— Я — рядовой необученный, — сказал Ростовцев, и Генке-моряку почудилось в его голосе обидное превосходство, он даже не понял поначалу, откуда идет оно, это превосходство, а потом сообразил. Ростовцев намекал, что он, руководитель, самое низшее военное звание имеет, но это ничего не значит — ему подчиняются и майоры в отставке, и капитаны, и старлеи — старшие лейтенанты, не говоря уже о «мелочи» — сержантах и ефрейторах. Но Ростовцев продолжил просто, без какой бы там ни было рисовки: — В институте у нас, когда я на втором курсе учился, военную кафедру отменили… Вот и остались все мы рядовыми необученными. Готово! — объявил он, поднимая сковороду за длинную ручку.
В «диогеновой бочке» было довольно много народу — тут был и сменный мастер, которому Генка-моряк мешал сегодняшней ночью спать и фамилии которого не знал, и диспетчерша Аня, молчаливая, с крупными блестящими глазами, с тяжелой гривой волос, гибкая, как проросший по весне тростник, был тут и Пащенко, но он пока оставался где-то за пределами Генкиного сознания, жизнь его проходила мимо него, не задевая, не оставляя затесин, но Генка чувствовал, обостренным нутром своим чуял, что с бригадиром бульдозеристов ему вскоре обязательно придется иметь дело.

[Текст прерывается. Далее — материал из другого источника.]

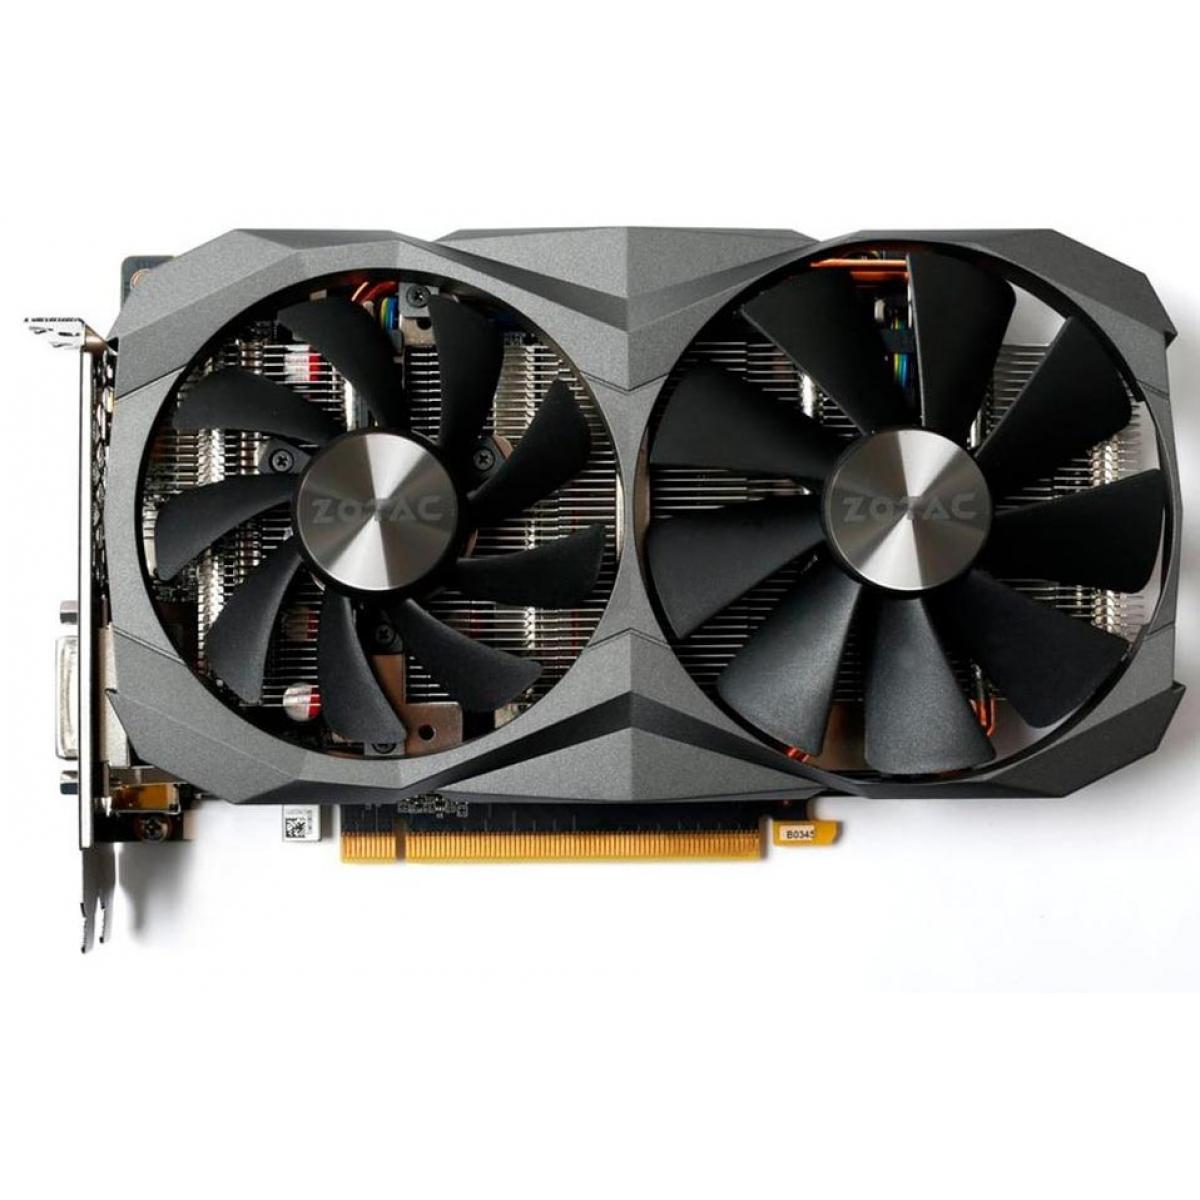 Placa de Video Zotac GeForce GTX 1060 Dual 6GB GDDR5X, 192Bit

— Проходи, товарищ Чик-чик, — сделала жест рукой Любка, — и гвардии ефрейтора приглашай. И нечего стесняться. Не на выданье.
Генке захотелось скопировать Аликово: «Слушаюсь!», но он сдержался, молча кивнул, прошел к стенке, сел, поставил «хрюндик» себе на колени.

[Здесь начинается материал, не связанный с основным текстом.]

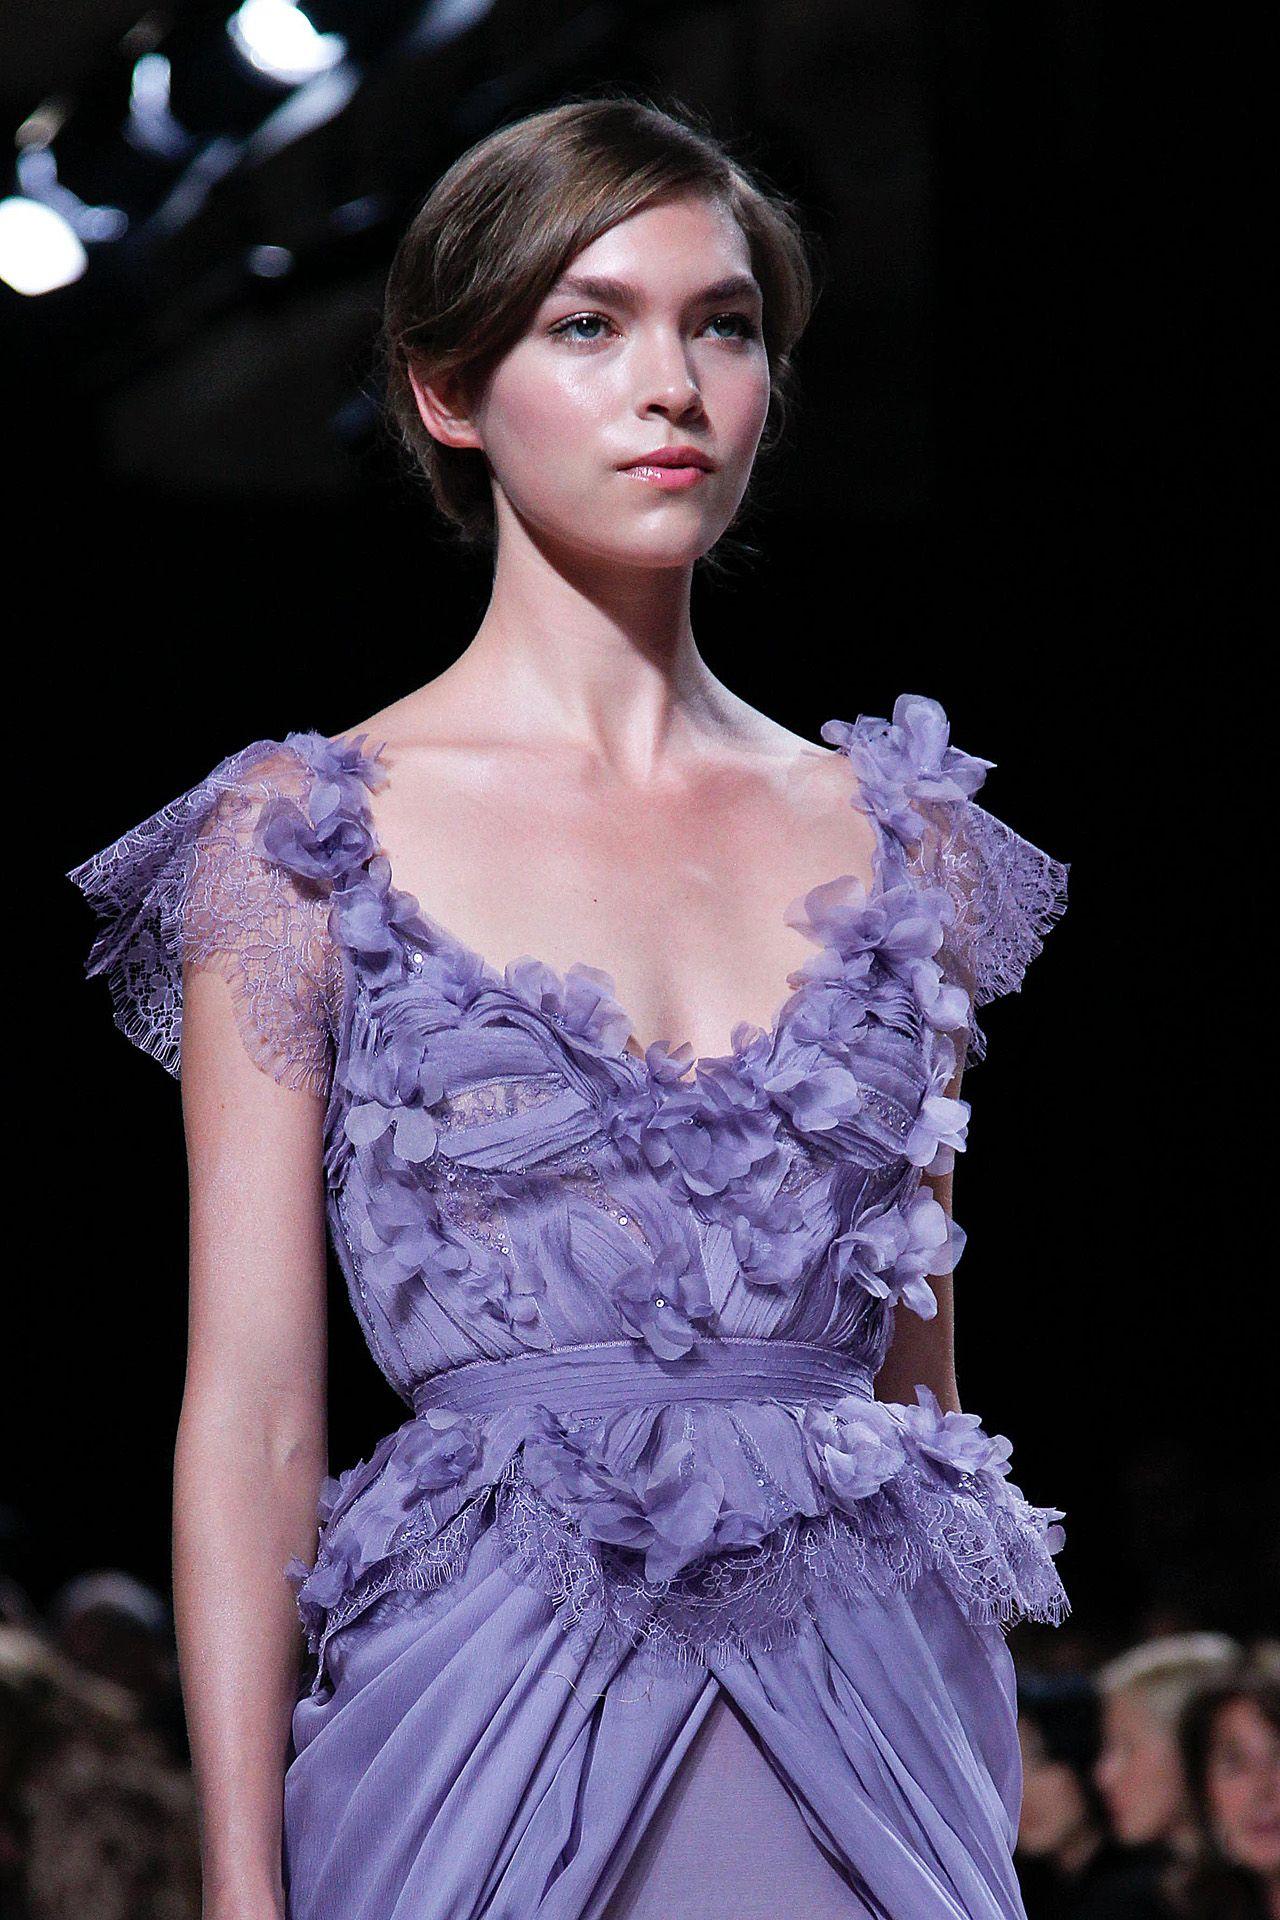 Elie Saab Spring/Summer 2011 Haute Couture

— Музыка от мороза не заржавела? — спросила Любка.
— Не должна, — ответил Генка, — она на минус шестьдесят испытание проходила, — нажал на клавишу, магнитофон выдавил из нутра что-то хриплое («хрюндик» есть «хрюндик»), потом прочистил голос, и возникла мелодия. Мелодия оказалась свежей, сильной, как лет отдохнувшей птицы, Генкино лицо стало гордым и мечтательным.

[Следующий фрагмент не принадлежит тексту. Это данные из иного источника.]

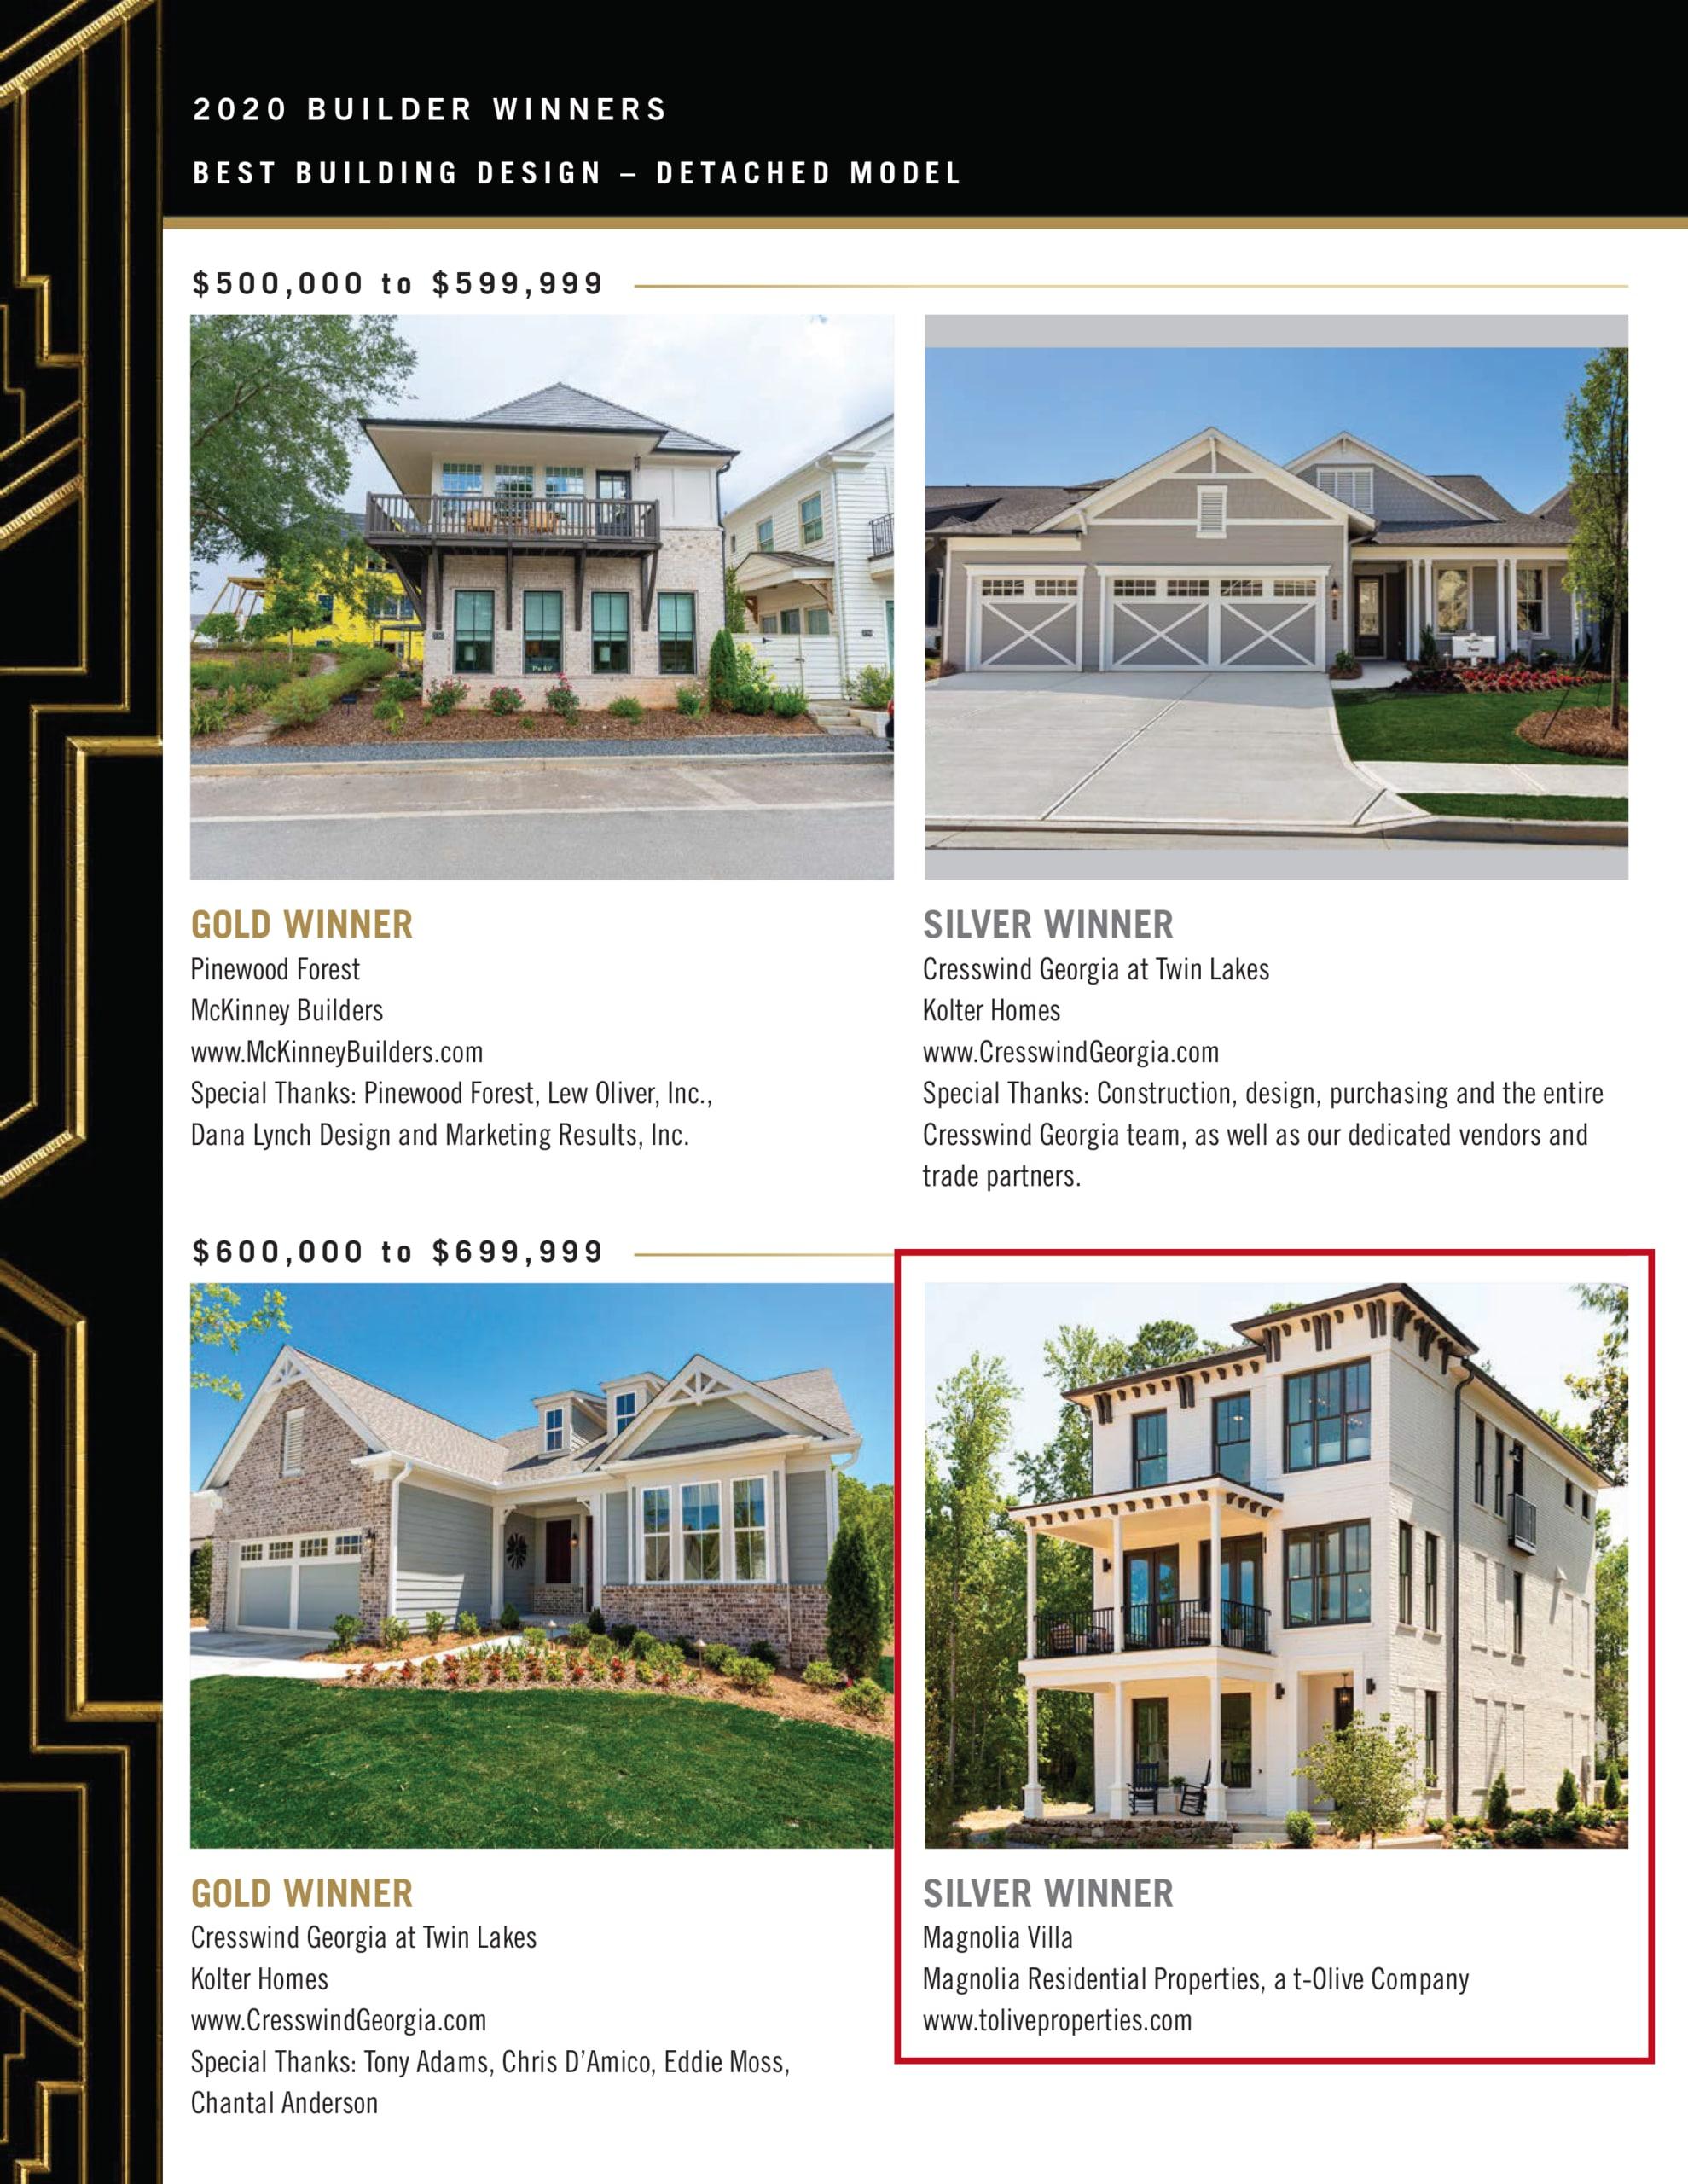 Villa Magnolia Obie Award Winning Home

Ростовцев пронес яичницу к столу, опустил сковороду на подставку. С Генкиного лица гордое и мечтательное выражение стерлось — он неожиданно увидел, как кротко, ласково, с каким-то потайным желанием посмотрела на Ростовцева Любка Витюкова, она словно бы оглохла враз, смешливость стаяла с ее лица. Сухая, мосластая рука сдавила Генкино сердце, ему вдруг стало не по себе, он чуть не рухнул, обида сдавила болью виски, вбила в горло резиновую пробку — ни вдохнуть, ни выдохнуть. И еще один взгляд перехватил он, зоркий человек Геннадий Морозов — диспетчерши Ани, — Аня тоже на Ростовцева глядела, отметил машинально, что глаза у нее редкостного цвета, сизого с чернотой, в них погружаешься как во тьму, только с фонариком ходить, и то не всегда дорогу различишь. Сдавил дужку «хрюндика», притискивая его к коленям — вон ведь какая история получается. Влип ты, Гена. Заморгал часто, кручинясь.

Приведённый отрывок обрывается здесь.